It’s been a long work week and so my wife and I and kids decided to just hang things up and go out for supper last night. On the way into the restaurant there was a little boy, maybe 7 or 8, sitting on a bench. He was sobbing uncontrollably, feeling so small in the great big world that he was taking up as little space as possible. His fists were clenched by his side as he edged closer to his panic. A woman just in front of us was trying to talk to him, but he could hardly speak, and when she asked if he was lost he only nodded and kept crying. I leaned down to him and asked him his name, and still he couldn’t answer. Then we asked what his mom and dad’s name was, and he looked up with these big round eyes and said very seriously,
“My mom’s name is Mom, and my dad’s name is Dad.”

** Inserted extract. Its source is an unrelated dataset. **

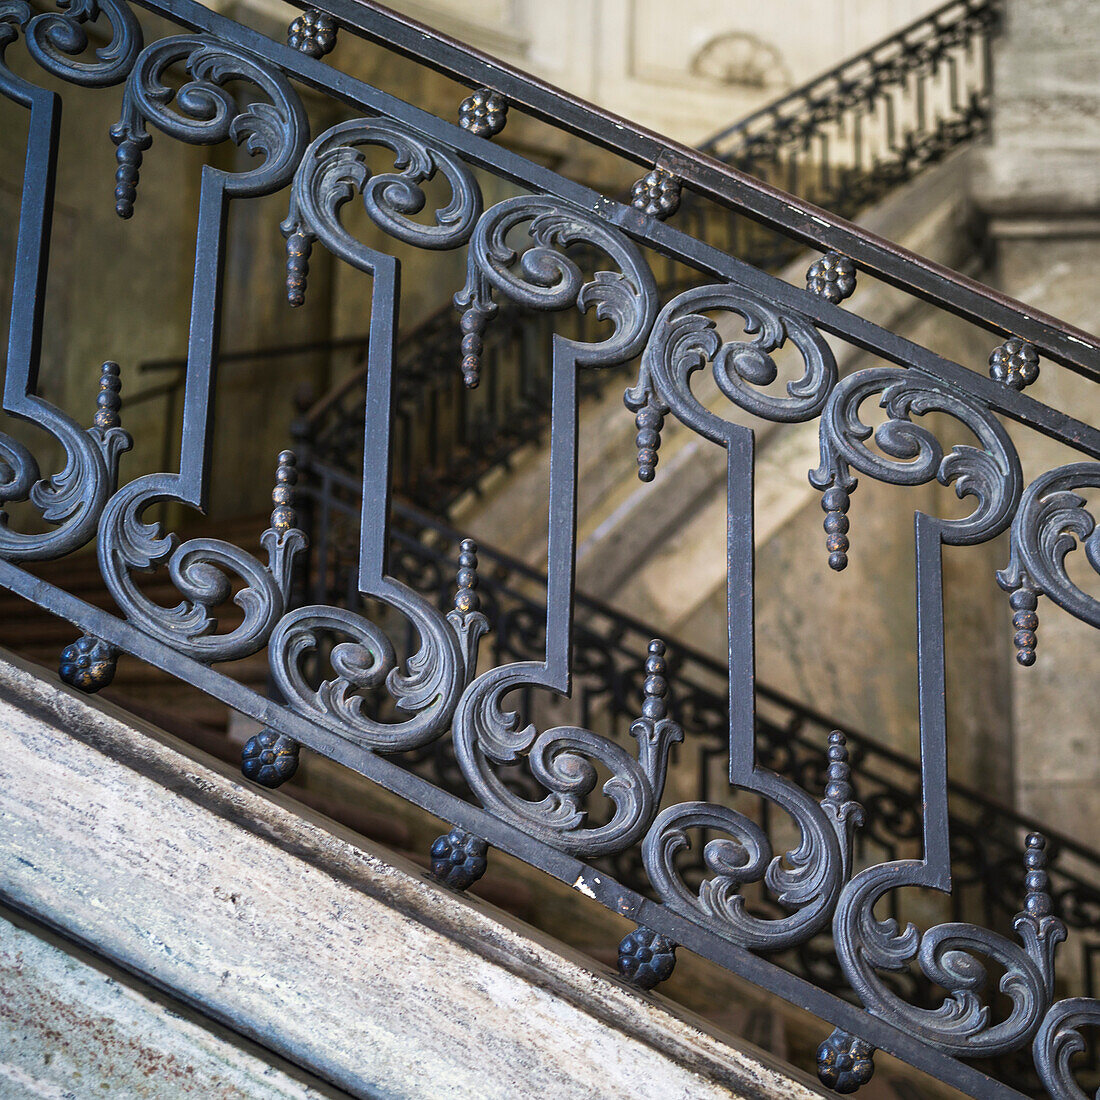 Ornate metal railing along stairs, Stockholm, Sweden

It’s amazing the power that fear can have over us, isn’t it? Its grip can be as cold and ruthless as tempered steel, literally freezing us in our tracks. The realization of being lost is such a hopeless surprise that our common sense can be literally stolen away.

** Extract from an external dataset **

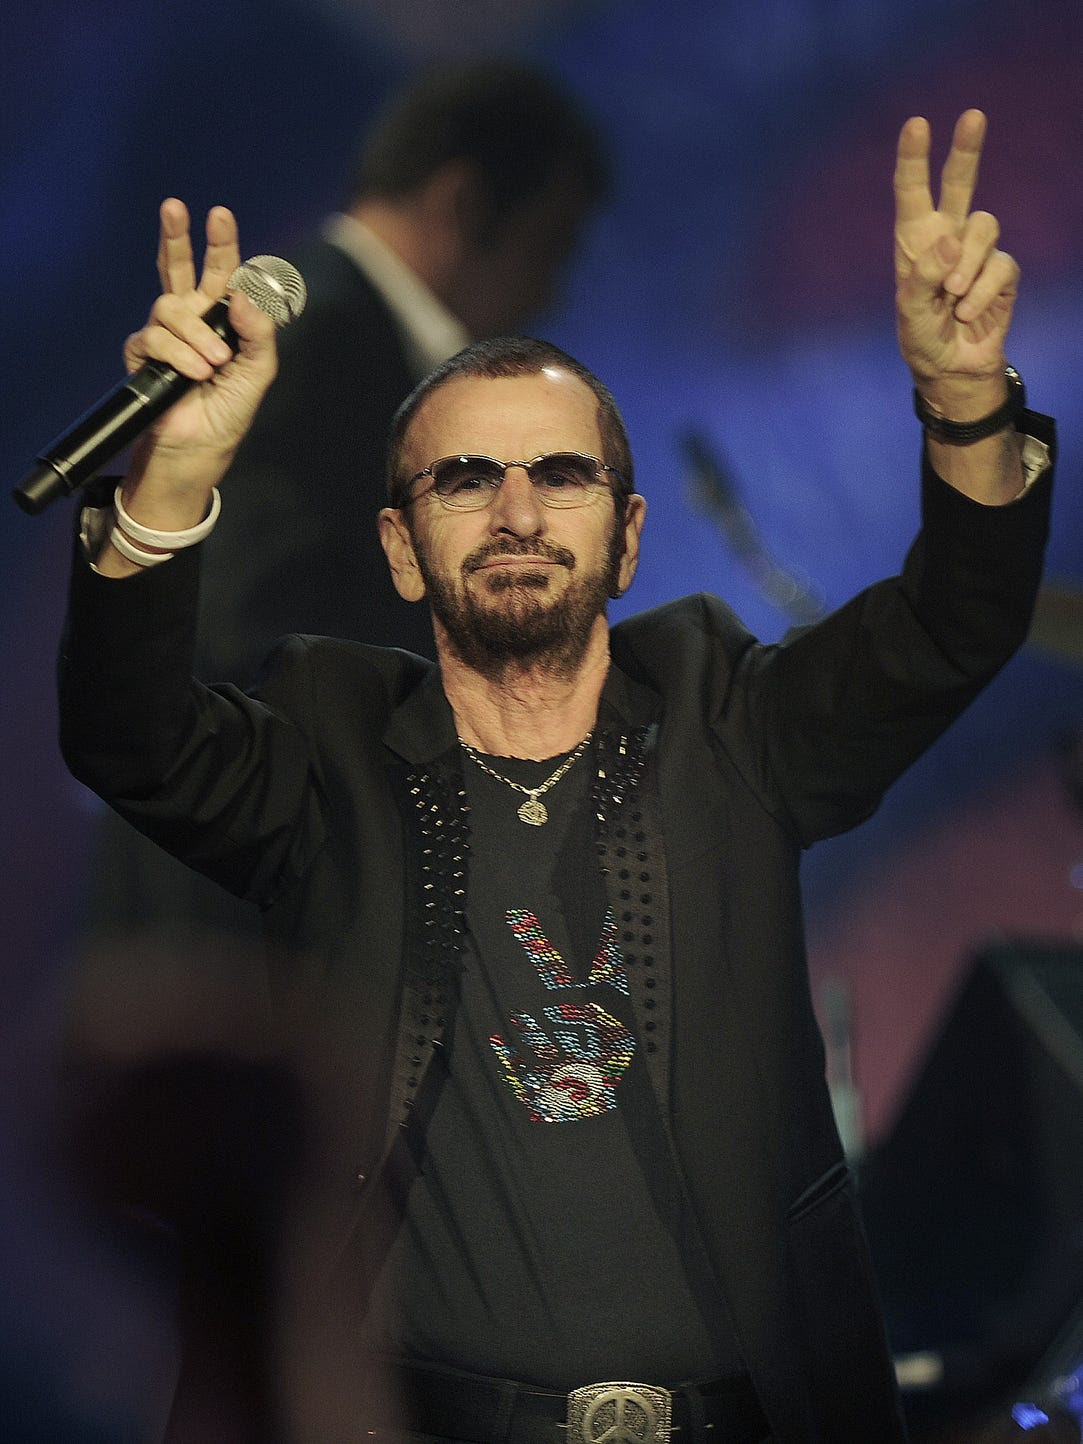 PAUL ON THE RUN: Ringo Starr at the Ryman: 'My heart is full'

When we sat down at our table afterwards, both of our kids began to recount “that one time“… you know, that time at the hardware store with my little girl, when she zigged and we zagged, and 30 seconds later… chaos. Or the incident with my boy, years ago in the grocery store. That memory of being lost is so etched in his mind that he was talking about it like it was yesterday.
But remember, when you were lost, how much greater was that feeling of being found? Even if you were in trouble and everyone was upset, there were still hugs! And the famous Motherly “body-check”, where they spin you around and make sure you still have 10 fingers and 10 toes, and most importantly, shoulders and ears. 😉
Being found is like walking out from the blue-gray, inky shadows into a warm, bathing ray of golden sunlight. Emotions wash over us, great valleys and peaks of them, and we remember being lost…because we were found.
The little boy at the restaurant was found, and he stayed less than half a step away from his family as they were walking out the door to the car. I could hear the big deep sighs as the calm was spreading over him, catching his breath, finding that peace that we so much take for granted, until it is lost.
I recently heard our pastor speaking about this. He said it best in his own words… “You never forget the experience of being found…Never…You’ll never forget the gift of Jesus, if you were a lost person, and you were found… The gift of Jesus is for the humble, the poor and the lost. He didn’t come just to teach a better way, or show us how to live, or heal the sick and raise the dead only. He didn’t even come to condemn the world…He came as God’s gift of salvation…Unwrap the gift of Christ so that you don’t forget that He found you when you were lost. You will never forget the gift of Christ.”